The running result is:

  1. A foo

Let’s analyze the code detailedly:

(1)

  1. type Foo interface {
  2. foo()
  3. }

The above code defines a interface Foo which has only one method: foo().

(2)

  1. type A struct {
  2. }
  3. func (a A) foo() {
  4. fmt.Println("A foo")
  5. }
  6. func (a A) bar() {
  7. fmt.Println("A bar")
  8. }

struct A has 2 methods: foo() and bar(). Since it already implements foo() method, it satisfies Foo interface.

(3)

  1. func callFoo(f Foo) {
  2. f.foo()
  3. }
  4. func main() {
  5. var a A
  6. callFoo(a)
  7. }

callFoo requires a variable whose type is Foo interface, and passing A is OK. The callFoo will use A‘s foo() method, and “A foo“ is printed.

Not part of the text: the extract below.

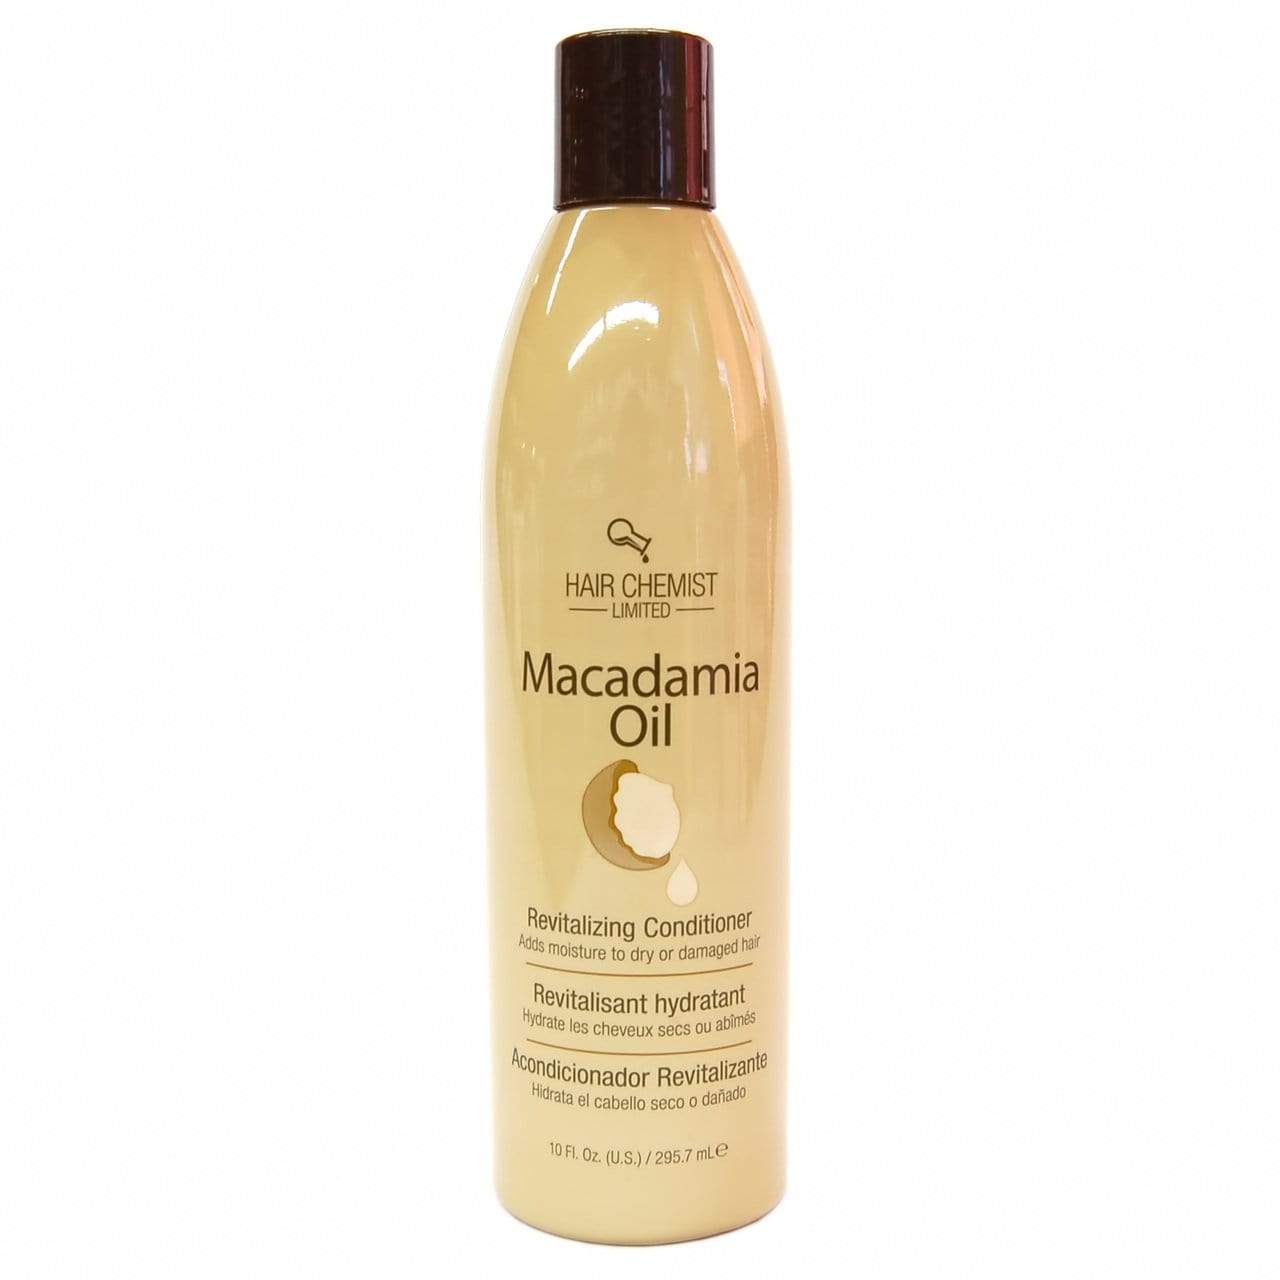 Hair Chemist - Macadamia Oil - "Revitalizing Conditioner" - 284g - Hair Chemist - Ethni Beauty Market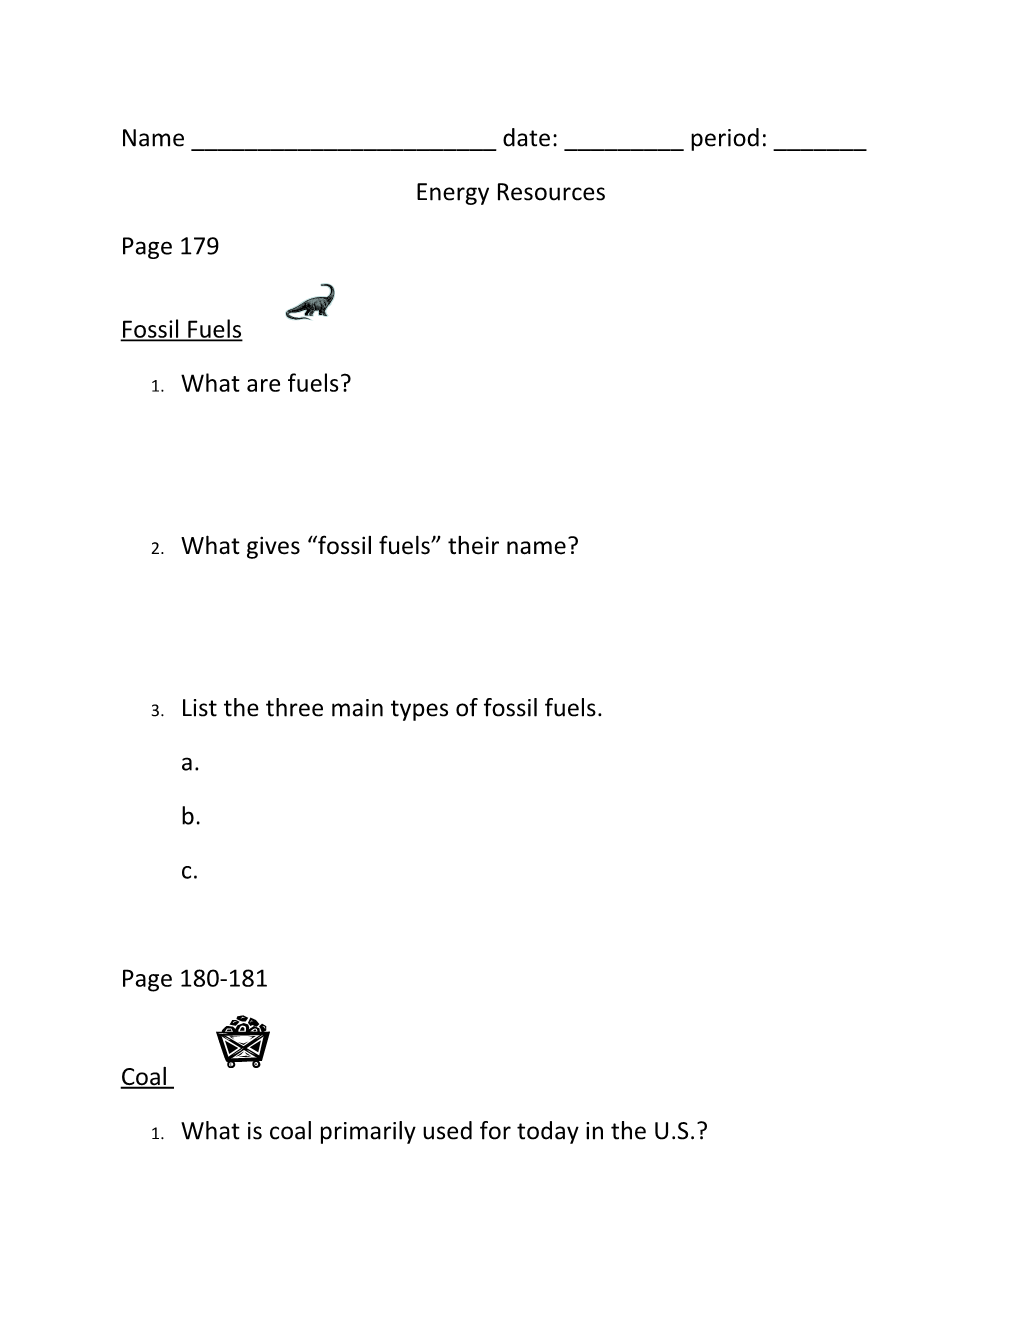 Energy Resources

Let’s change the main() function:

  1. func main() {
  2. var a A
  3. callFoo(&a)
  4. }

This time, the argument of callFoo() is &a, whose type is *A. Compile and run the program, you may find it also outputs: “A foo“. So *A type has all the methods which A has. But the reverse is not true:

  1. package main
  2. import "fmt"
  3. type Foo interface {
  4. foo()
  5. }
  6. type A struct {
  7. }
  8. func (a *A) foo() {
  9. fmt.Println("A foo")
  10. }
  11. func (a *A) bar() {
  12. fmt.Println("A bar")
  13. }
  14. func callFoo(f Foo) {
  15. f.foo()
  16. }
  17. func main() {
  18. var a A
  19. callFoo(a)
  20. }

Compile the program:

  1. example.go:26: cannot use a (type A) as type Foo in argument to callFoo:
  2. A does not implement Foo (foo method has pointer receiver)

You can see also *A type has implemented foo() and bar() methods, it doesn’t mean A type has both methods by default.

BTW, every type satisfies the empty interface: interface{}.

The interface type is actually a tuple which contains 2 elements: <type, value>, type identifies the type of the variable which stores in the interface while value points to the actual value. The default value of an interface type is nil, which means both type and value are nil: <nil, nil>. When you check whether an interface is empty or not:

  1. var err error
  2. if err != nil {
  3. ...
  4. }

You must remember only if both type and value are nil means the interface value is nil.

Reference:
The Go Programming Language.